We have already stated that Quicksort takes $\Theta(n^2)$ time in the worst case and $\Theta(nlg{n})$ in the best case. Let's analyze the above code and confirm these running times.

Now, the total running time of the QUICKSORT function is going to be the summation of the time taken by the PARTITION(A, start, end) and two recursive calls to itself. The comparison (if start < end) is going to take a constant amount of time and thus, we are ignoring it.

Clearly, the PARTITION function is a linear (i.e., $\Theta(n)$) one because there is just one loop which is iterating over the entire array (of size n) and all the other statements are constant time taking processes.

Let's take a case when the partition is always balanced i.e., every time, each of the two halves separated by the pivot has no more than $\frac{n}{2}$ elements. It means that one of the halves has $\lfloor\frac{n}{2}\rfloor$ and another has $\lceil\frac{n}{2}\rceil-1$ elements. For example, if n is 5, then one half has $\lfloor\frac{5}{2}\rfloor = 2$ elements and another has $\lceil\frac{5}{2}\rceil-1 = 2$ elements and thus, a total of 2+2+1(pivot) = 5 elements.

In that case, QUICKSORT(A, start, q-1) and QUICKSORT(A, q+1, end) will take $T\left(\frac{n}{2}\right)$ each and the PARTITION function is going to take $\Theta(n)$ time.

$$T(n) = 2T\left(\frac{n}{2}\right) + \Theta(n)$$

We have already dealt with this same equation many times in this course and know that it is going to take $\Theta(n\lg{n})$ time.

Now, let's take the case when the partition is completely unbalanced every time i.e., each time, one half is of the size $n-1$ and other of size $0$.

In this case, the total running time would be:

$$T(n) = T(n-1) + T(0) + \Theta(n)$$ $$=> T(n) = T(n-1) + \Theta(n)$$

We can solve this recurrence equation by iteration method i.e., putting replacing $T(n-1)$ with $T(n-2) + \Theta(n)$ and again $T(n-2)$ with $T(n-2) + \Theta(n)$ and so on.
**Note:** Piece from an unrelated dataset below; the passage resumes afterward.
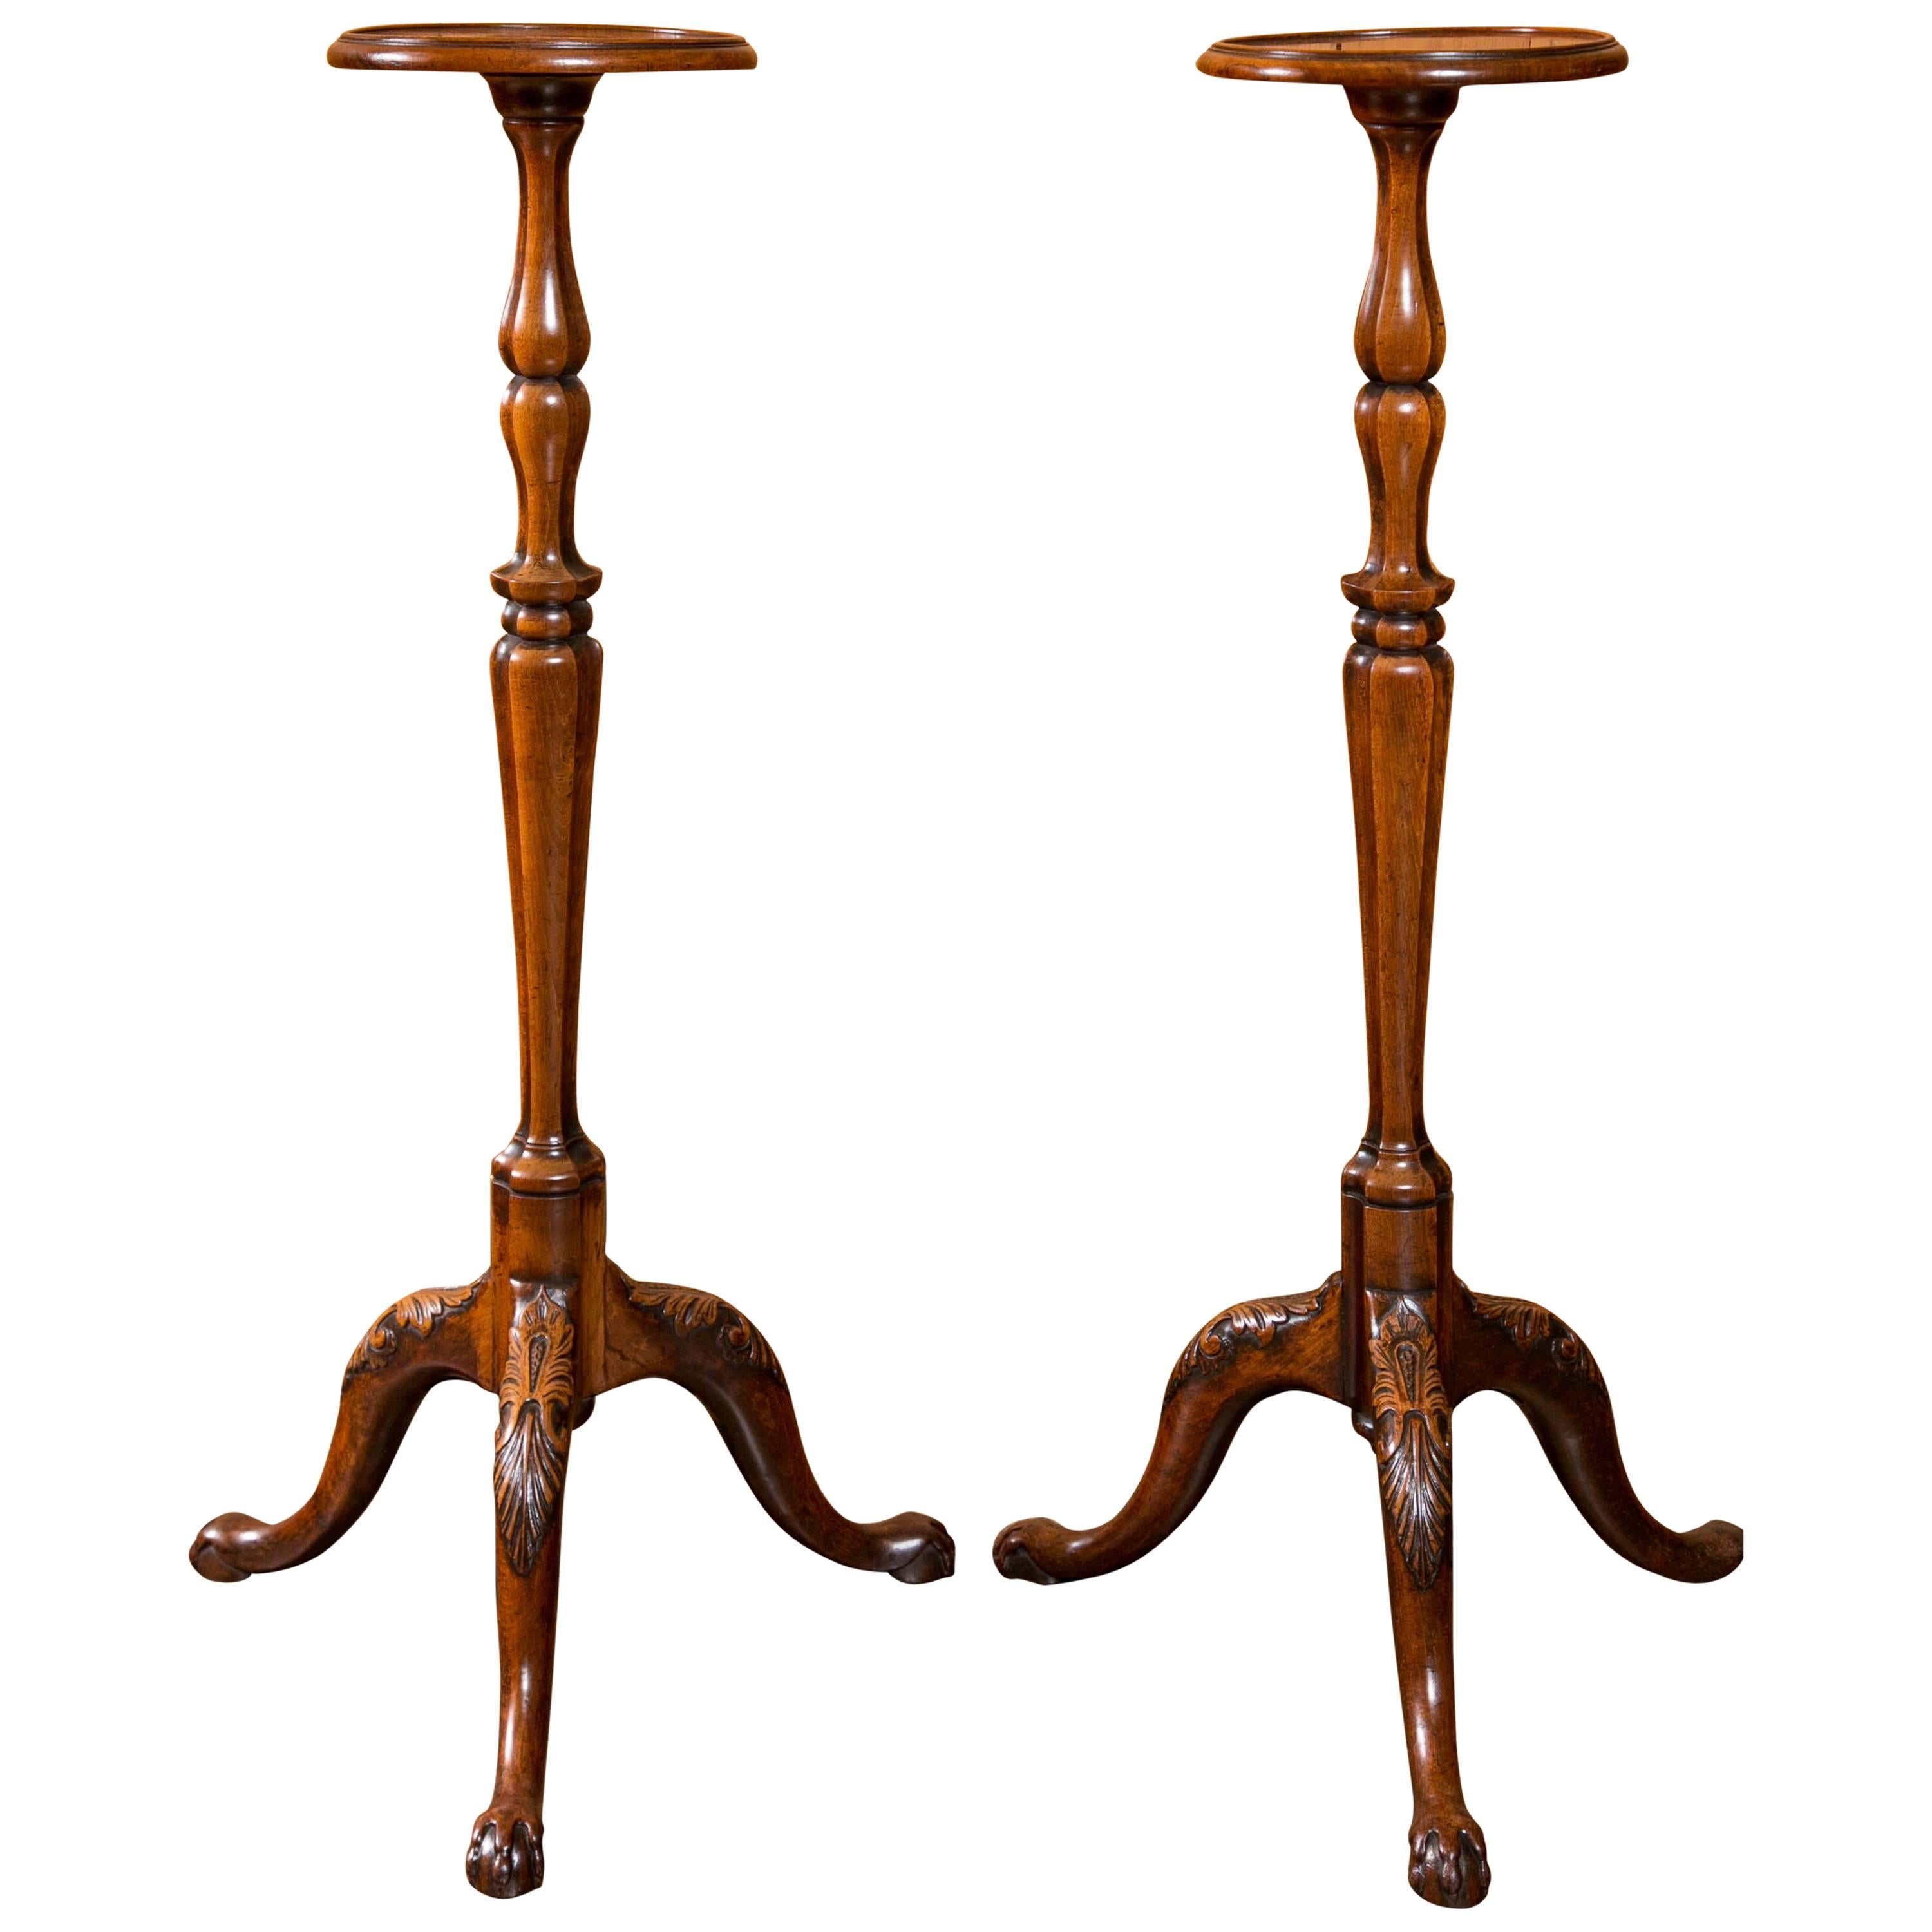 Pair of Matching Regency Walnut Candle Stands

$$T(n) = T(n-1) + \Theta(n)$$ Replacing $T(n-1)$ with ($T(n-2) + \Theta(n)$), $$=> T(n) = T(n-2) + \Theta(n) + \Theta(n)$$ Replacing $T(n-2)$ with ($T(n-3) + \Theta(n)$), $$=> T(n) = T(n-3) + \Theta(n) + \Theta(n) + \Theta(n)$$ Similarly, $$T(n) = T(n-i) + i*\Theta(n)$$

Thus, in the base case, when there will be an only single element, the running time will become $$T(n) = T(0) + n*\Theta(n)$$ which is equal to $\Theta(n^2)$

So, we have seen that Quicksort takes $\Theta(nlg{n})$ time in the balanced partition and $\Theta(n^2)$ time in the unbalanced one.

Let's take a look at the case when the partition is quite unbalanced and see the running time.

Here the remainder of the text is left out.